Listed property: Asian boom post-crisis
With general global equities markets posting a strong rally in the last six months, investors are now starting to come out of the woodwork in search for the next great potential.
Mostly general equities both domestic and international seem to be the choice, but what about property? Over the last 18 months, we have seen a continuous process of deleveraging, lock ups and lack of liquidity which has kept investors away, but is there potential outside of the square we usually see as property? I believe Asia has opportunities not offered elsewhere in the world.
As mainstream media has discussed at length, Asia is the first region to come out of the financial crisis, with China being the driving force behind it. The question that needs to be asked is what investors are looking for now, and whether Asia offers this?
Post-global financial crisis, my observations have seen clients looking for property investments that provide true daily liquidity, little to no gearing, defensive capabilities and growth potential. Simple characteristics, yet now harder to find post-GFC.
When looking around the world, we see that Europe seems to still be struggling in many ways from yield stability to gearing issues. It is without doubt that banks globally have become incredibly conservative and calling in loans when they see the first signs of stress on a fund or property. The US is still trying to find its feet so they are still a fair way off.
The key point also is that between the US and Europe, it is still showing negative GDP growth for the foreseeable future. What is different about Asia is that growth has been and is continuing to be solid and especially in China where commentators are looking at 9 per cent, plus looking into 2010.
In Asia, corporations have far lower levels of gearing. At the end of 2008, the average look through gearing in Asia was less than 40 per cent, compared to Australia being approximately 50 per cent. This provides them with a better base to expand business and take advantage of the lower interest rate environment.
The simple reason why Asia has lower levels of gearing is because of the Asian Financial Crisis in 1997-1998 where they did learn their lesson to not gear their balance sheets to well over 70 per cent. This was a harsh lesson, but one that they have certainly learnt from.
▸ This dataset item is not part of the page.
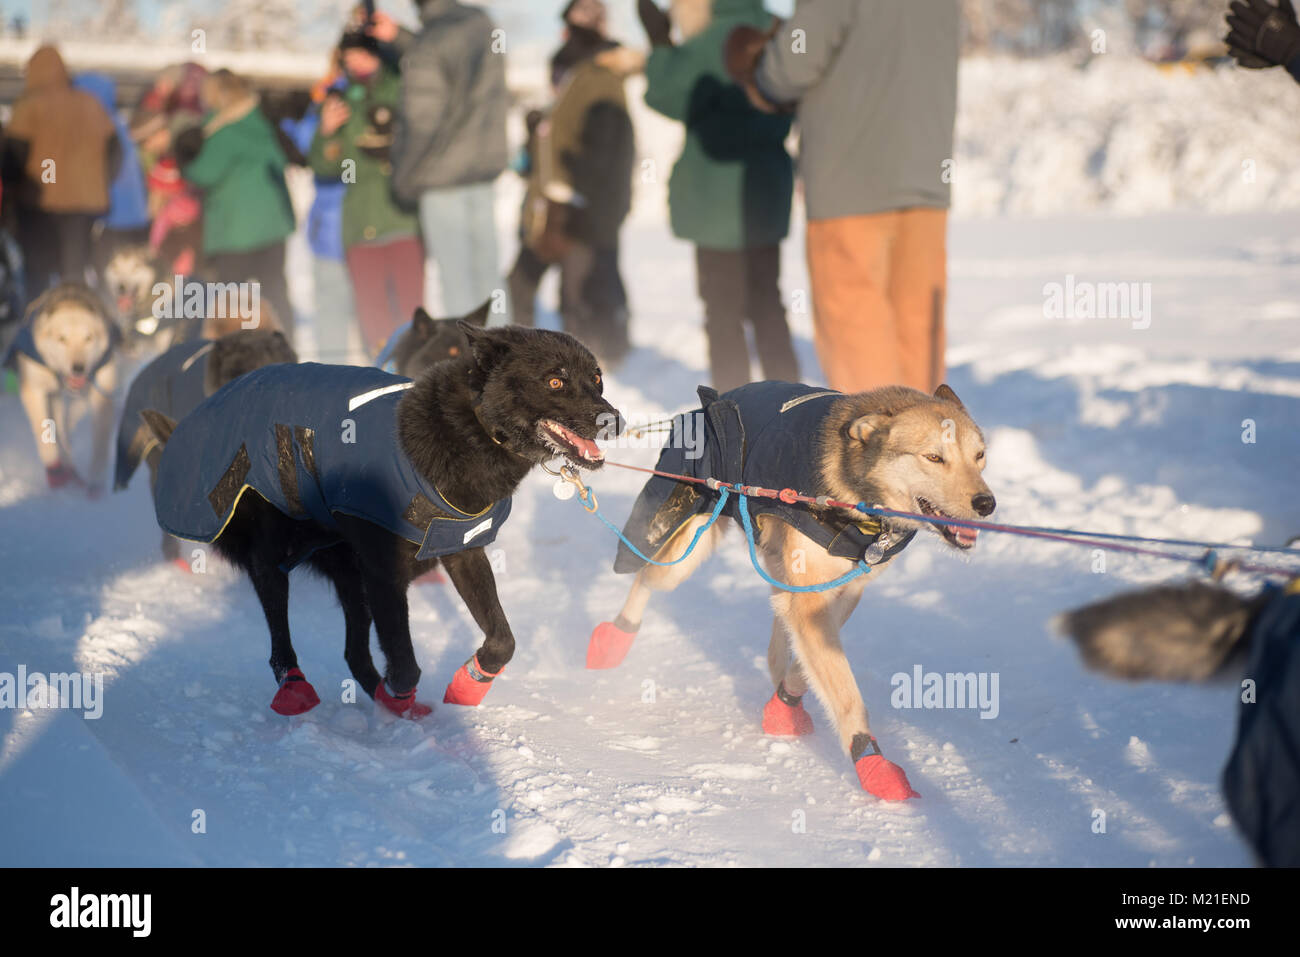 FAIRBANKS, ALASKA - FEBRUARY 3, 2018: Dogs from veteran Hugh Neff's team stare intently down the trail of the Yukon Quest. Credit: Roger Asbury/Alamy Live News Stock Photo
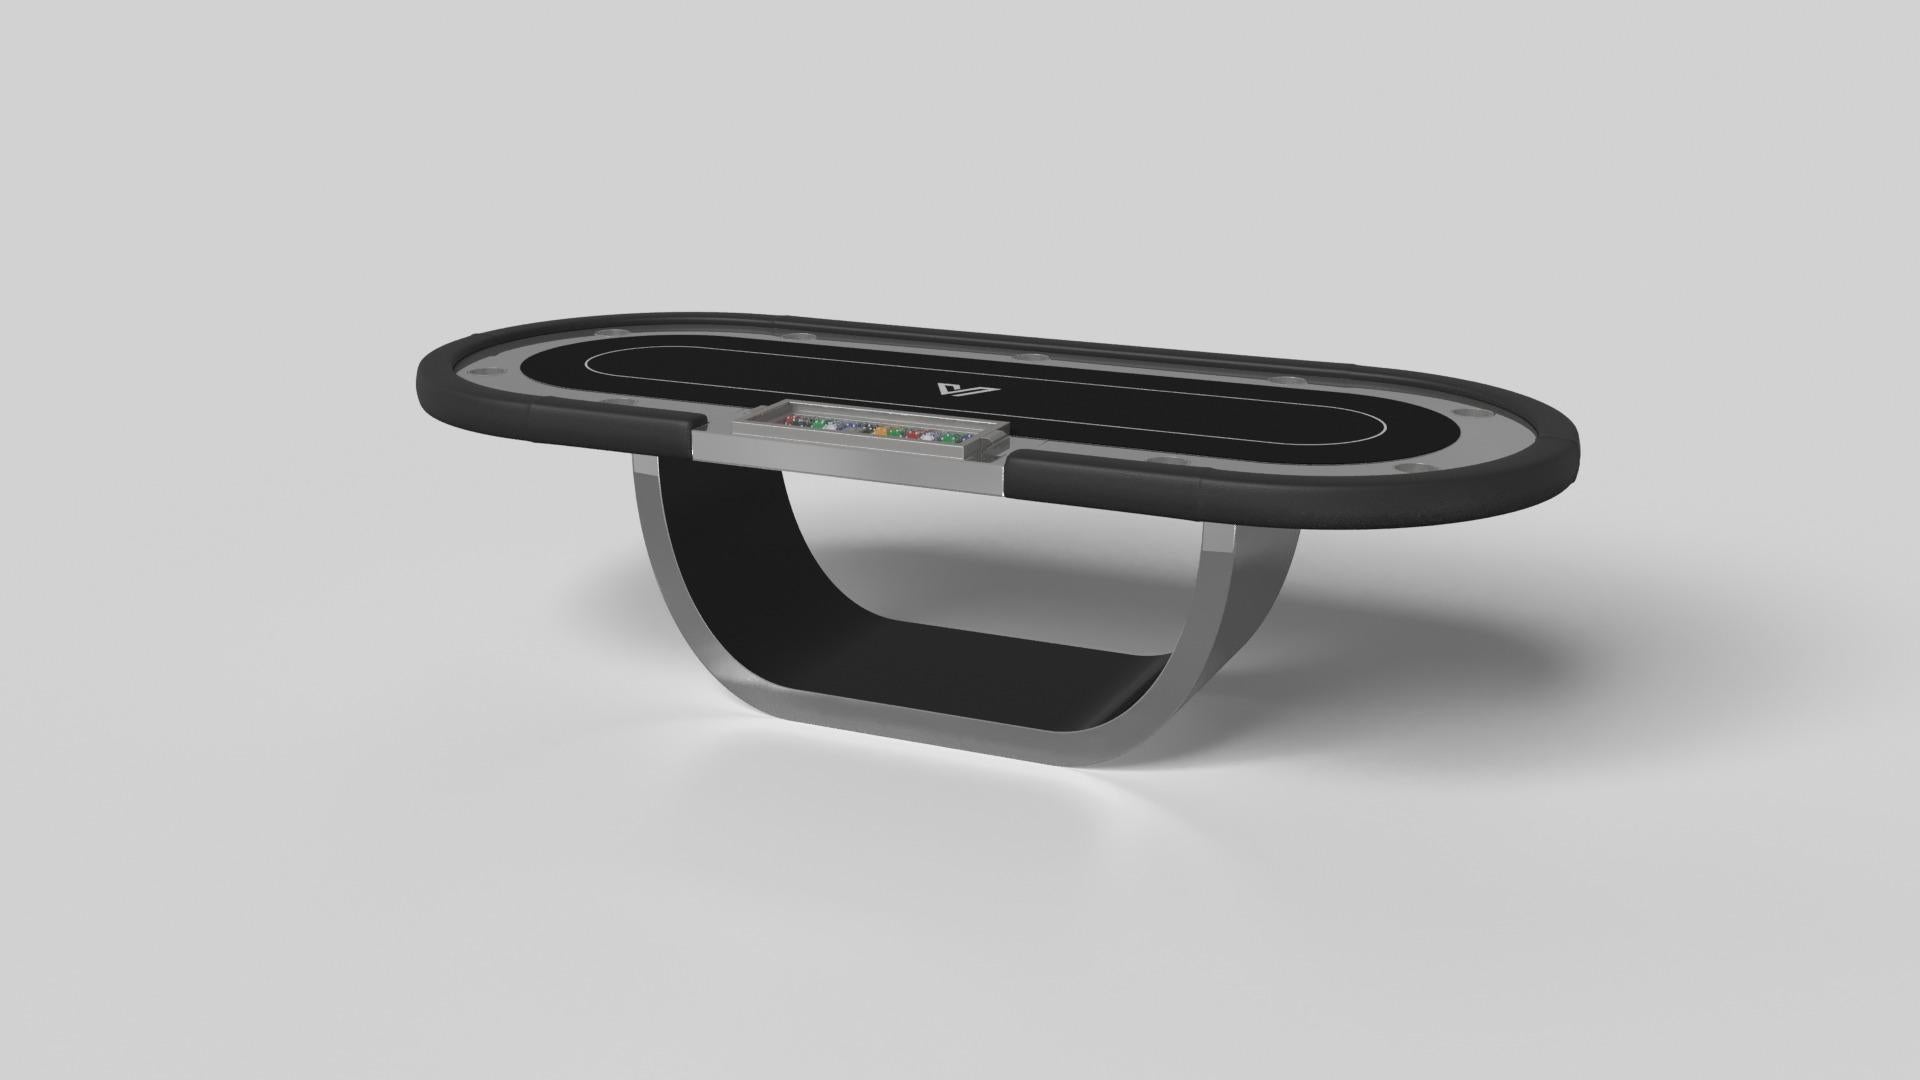 Handcrafted with intricate accents and a precision-carved curved base, the Sid poker table in black encompasses a series of smooth edges, distinctive details, and unconventional elements in one unique expression of luxury design. Built by hand from

Development potential across Asia is also focusing on second and third-tier cities, not first-tier cities which have already undergone extensive development. real estate investment trusts are also a relatively new concept in China and Hong Kong and this market is set to expand in the medium-term future where yield will play a bigger part in property investment. But refocusing on development profits, one characteristic Asia has in contrast to the Western world is that pre-selling a majority of properties and then having a progressive payment structure allow developers to recoup their costs faster and hence can turn over their projects more efficiently. This creates a more attractive environment to invest in with a reduction in development related risks.
Another issue has been the inability of funds to offer defensive capabilities in times of stress as seen during the GFC. Clients are after some form of downside protection where possible that can be employed by managers to preserve clients’ capital. I think this is one lesson that should be learnt post-GFC, that proves property is still vulnerable, given bad economic conditions.
If funds could offer true daily liquidity by reducing gearing on funds and/or on underlying investments, as well as the ability to employ defensive mechanisms on the funds, market confidence and appetite should return for Australian investors seeking that diversified portfolio with property exposure, and right now it seems Asia seems to be in a prime position to offer this opportunity.
Jonathan Wu is head of distribution and operations at Premium China Funds Management and a financial adviser at Premium Wealth Management.